# Average Monthly Spending for Satellite TV Service Drops Below Cable Service



## rjruby (Dec 29, 2002)

Interesting news item.

http://www.newstream.com/us/story_pub.shtml?story_id=10326&user_ip=167.155.63.41


----------



## Cyclone (Jul 1, 2002)

And the satellite viewers likely are getting more channels for their $$$ too.


----------



## cj9788 (May 14, 2003)

My bill is about 101.96 a month. I compared it to my local cable for comparable service and here’s what I found. 

Dish net AEP 79.99
Network pack 11.99
2 addt receivers 9.98

Galaxy cable Non digital cable
Expanded Basic cable 49.99
All movie channels 49.99
3 Box leases 14.97

That’s 114.95 

Their package was less the distant nets and only 12 movie channels. 

Oh and they hope to have digital cable available some day but not any time soon.


----------



## Bogy (Mar 23, 2002)

Digital Cable from Cox Omaha is $74.85 for everything plus 26 movie channels, unless you want the TeleLatina tier. Plus 6.95 per box for the outlets you want digital, no charge for other outlets where the analogue is good enough. Of course it is less if you do like I do and also get your internet, local and long distance phone through them.

Not to mention I get to deal with the company which was the _2003 Recipent of the BBB Business Integrity Award for Service Excellence._


----------



## Cyclone (Jul 1, 2002)

I can't even get a straight answer from Comcasts web site on how much it would be to get similar service.


----------



## Nick (Apr 23, 2002)

The report fails to disclose that substantial increases in cable rates are a factor.


----------



## Bogy (Mar 23, 2002)

Nick said:


> The report fails to disclose that substantial increases in cable rates are a factor.


What substantial increases? Haven't noticed any in two years. Cox has been increasing revenue by offering additional services, not by raising rates. In fact, by subscribing to the additional services, like phone and internet, my cost has gone down.


----------



## Karl Foster (Mar 23, 2002)

Bogy said:


> What substantial increases? Haven't noticed any in two years. Cox has been increasing revenue by offering additional services, not by raising rates. In fact, by subscribing to the additional services, like phone and internet, my cost has gone down.

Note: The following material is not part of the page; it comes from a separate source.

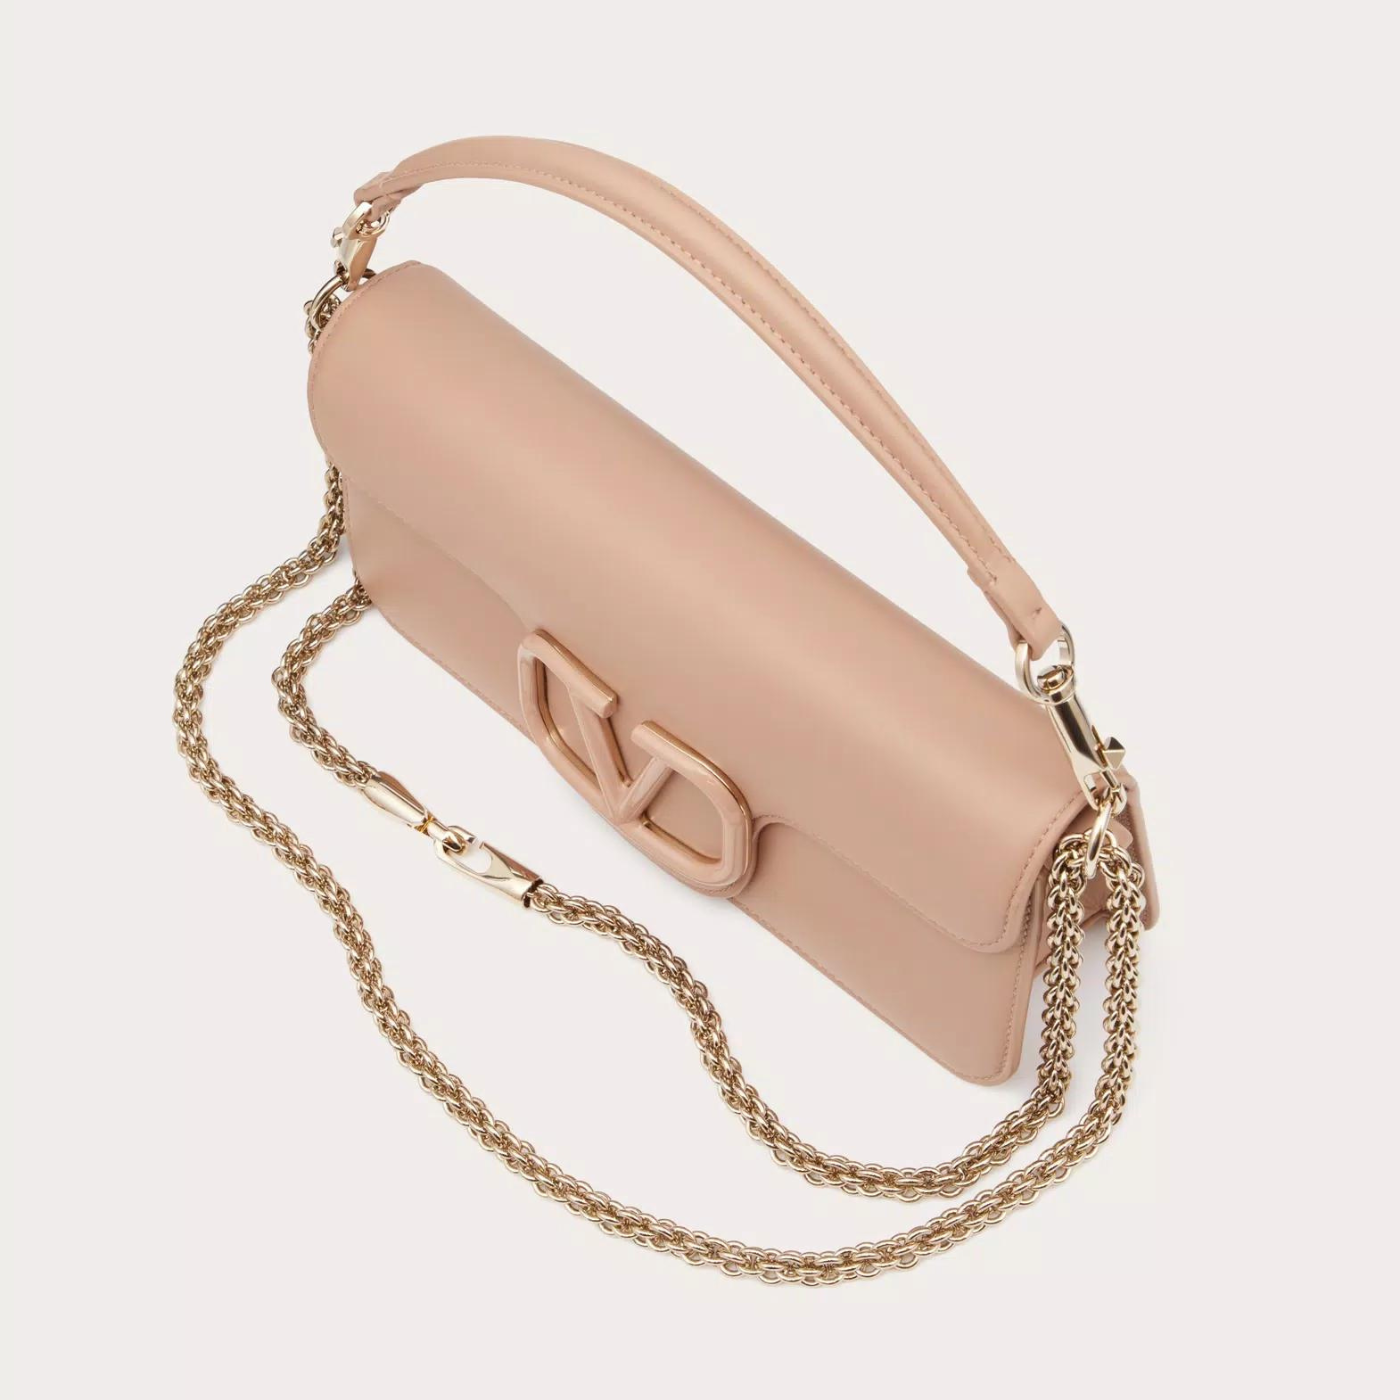 Locò Shoulder Bag in Rose Cannelle Handbags VALENTINO - LOLAMIR

According to the article in the Deseret News (local Salt Lake City paper) today:

Since 1998, the average monthly cost of satellite TV service is up 8 percent to $48.93 a month.
During the same period, the monthly cost of cable surged 41 percent to $49.62

41% since 1998? Seems a bit outrageous to me.

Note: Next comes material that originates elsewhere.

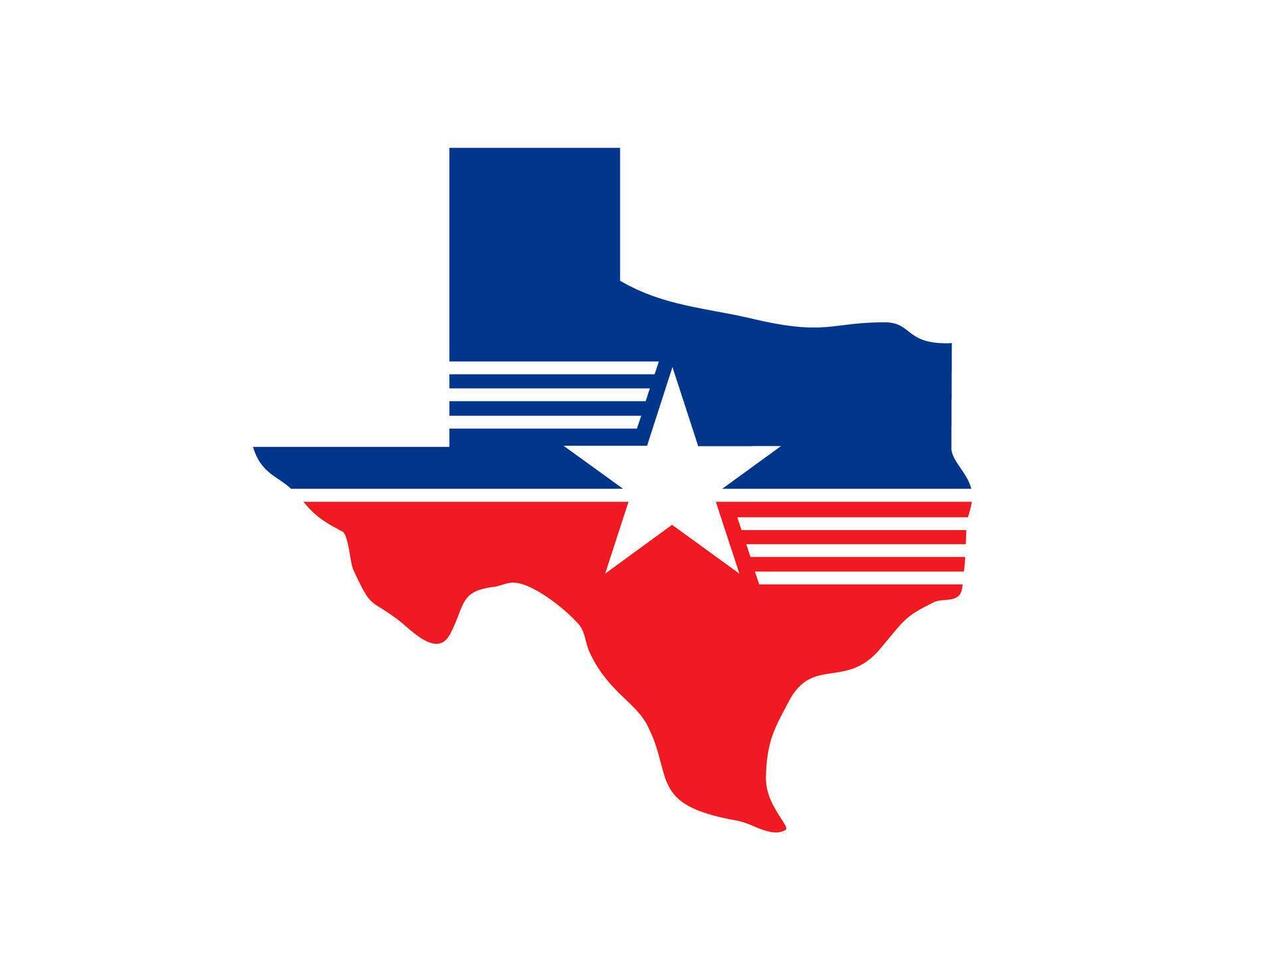 Texas staat symbool, kaart icoon, Kenmerken een eenzaam ster vector

Comcast (the cable company in my area for now) costs $53.49 for the same package as Total Choice Plus on Directv, which is $39.99. Add to that no PVR box as of yet, and a pathetic TV Guide guide system, and there is no comparison here.


----------



## Geronimo (Mar 23, 2002)

The Cox in your areas behaves differently than the Cox in my area. I pay $70.99. o get comparable service from Cox would mean about $85.00----and that is before the application of franchise fees which my Cox CSR could not possibly estimate for me. I would get Oxygen and two additional HBOs. But I would lose a few channels too notably the supers that re significantly viewed in my house.


I guess if you have a good cable provide go for it. I never cared for the one here.


----------



## Bogy (Mar 23, 2002)

karl_f said:


> According to the article in the Deseret News (local Salt Lake City paper) today:
> 
> Since 1998, the average monthly cost of satellite TV service is up 8 percent to $48.93 a month.
> During the same period, the monthly cost of cable surged 41 percent to $49.62
> ...





> *Accounting for much of the spending increase among cable subscribers are upgraded and/or additional services such as digital TV, video-on-demand and high definition TV, which are being actively marketed to consumers.*


So its not just an increase for the same service. This is an increase in price which has a direct relationship to upgraded service. And now cable is a whole 69 cents more expensive, with upgraded service. WOW, stop the presses. :lol:

Cox is now testing DVR's in two areas and I hope they hit Omaha by the end of the year. Isn't it nice when a company takes the time to work out the bugs *before* they release equipment that frustrates many of its customers. Plus, Cox Omaha offers HDTV. I understand from another thread here that the poor slobs who subscribe to Dish still don't have HDTV. What a ripoff.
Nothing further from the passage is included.